How to Become a MLOps Engineer as a DevOps Engineer

Thursday, Oct 8, 2020

MLOps Loop

View original image here. By ML-Ops.org, released under Creative Commons Attribution 4.0 International Public License.

Getting into Machine-Learning-Ops

This article is for people who are already DevOps Engineers – who works day and night with infrastructure automation, continuous integration and continuous delivery pipeline setup and maintenance, set up monitoring and alerting for applications and systems.

I assume you know the concepts and implementations of the "DevOps Roadmap", and now you are looking at a team with 5 PhDs doing something called "Machine Learning". You may be wondering: Are they using automation? The answer is mostly likely No. Looking at Google Trends MLOps v.s. DevOps as of early October 2020, the search term MLOps is almost non-existent, but if you search for machine learning you can see how much the growth has been.

What does this tell you? There is may be a gap between the development of machine learning and the level of maturity needed to productionize machine learning projects' artifacts.

What is the difference

The first thing you need to understand is the key difference between software engineering projects and machine learning projects.

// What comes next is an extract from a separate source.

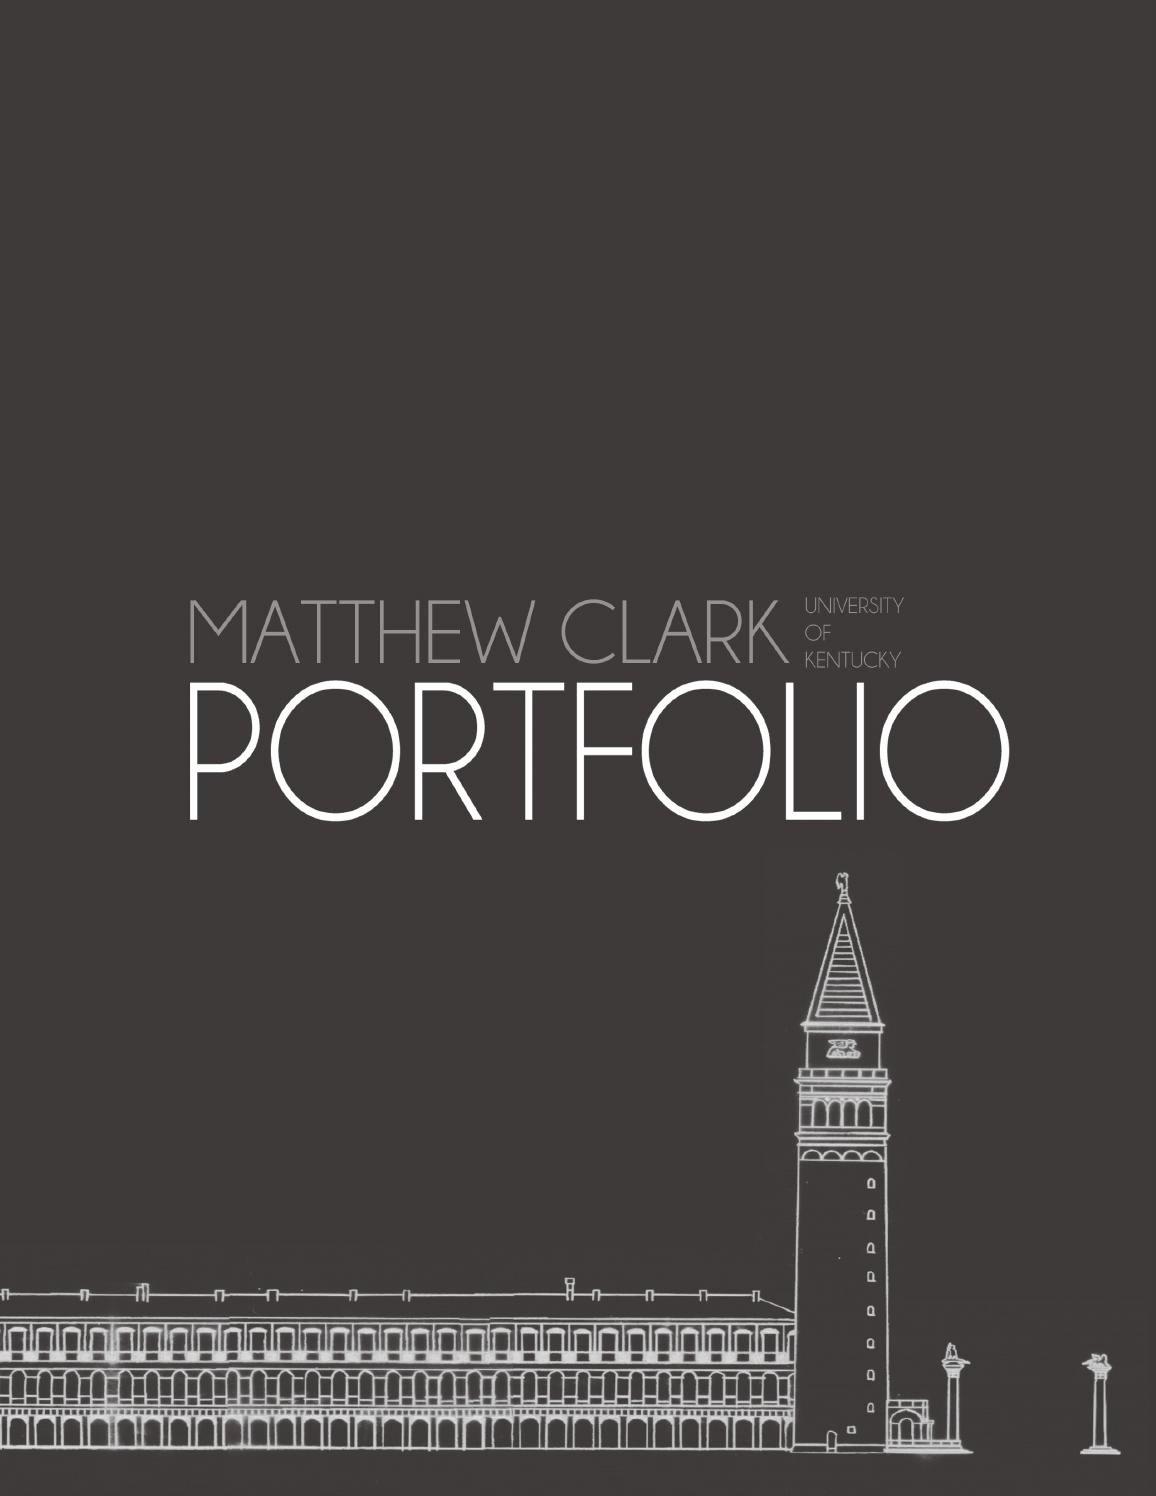 Portfolio Title Page Template Beautiful Matthew Clark Landscape Architecture Portfolio by Matthew

Software engineering projects is built to produce a deterministic result given an input based on the business requirements, while machine learning projects gives you a probability or prediction of a result given the input data. If you still do not get it, let us make it simple: software engineering projects are like multiple choices, but machine learning projects are like writing essays – there is mostly a known answer for a software engineering problem, and mostly no known answer for a machine learning problem.

Practically, what does this mean?

It means software engineering projects have black and white answers, and they mostly like have an "end state" where the software is behaving as expected. You can have written tests with great confidence that, as long as your infrastructure is up and running, the software should behave correctly as expected.

However, that is not the case with machine learning projects. They do not really have an "end" because the result is a probability, and if a problem can be solved with 100% probability, then it is likely that you do not need machine learning. This means if you want you can always improve something in a machine learning project – algorithms, parameters, training data …

So, what should I learn

Personally, I think here are the things you need to learn:

At the very beginning you need to know the machine learning workflow.
On the way of the earlier point you need to learn the terminologies.
You then explore what are the tools people use to do machine learning.
Understand how to do CI/CD for machine learning projects.
Understand how to do monitoring & alerting for projects with machine learning components.

Now let us dig a bit deeper into each section!

Machine Learning Workflow

Typically, in a software engineering project, you follow the below process:

Define the business requirement.
Translate the business requirement to technical requirements.
Design the technical solution.
Implement the technical solution.
Test the technical solution.
Deliver the technical solution.
Then you repeat the cycle, from step 1.

However, this is not what a typical machine learning project looks like. It is more like this:

Define the business requirement.
Gather the data that could be relevant to solve the business problem. This may include data cleaning, transformation, etc.
Perform experiment with the data. This may include performing feature engineering, pick and choose the correct algorithms and parameters, etc.
Build machine learning models. This may include selecting the features and algorithms, parameters and build models.
Deliver the machine learning model, look at the performance.
Improve the model by repat the cycle, from step 3.
Then when you are happy with the model, you repeat the outer cycle, from step 1.

As you may have noticed, the way machine learning projects work is not a simple build-and-deliver model. It has more experimental cycles, before moving on to the next business requirement. This means MLOps engineers will work more closely with data engineers and data scientists, providing solutions to facilitate the need of continuous experimentation and engineering.

Terminologies

There can be a lot of new terminologies for you, which I consider it is the elephant in the room. End of the day we are talking about data science, not software engineering. As scientists always make things sound more complicated, it is necessary that as MLOps engineers we understand the terminologies they are using.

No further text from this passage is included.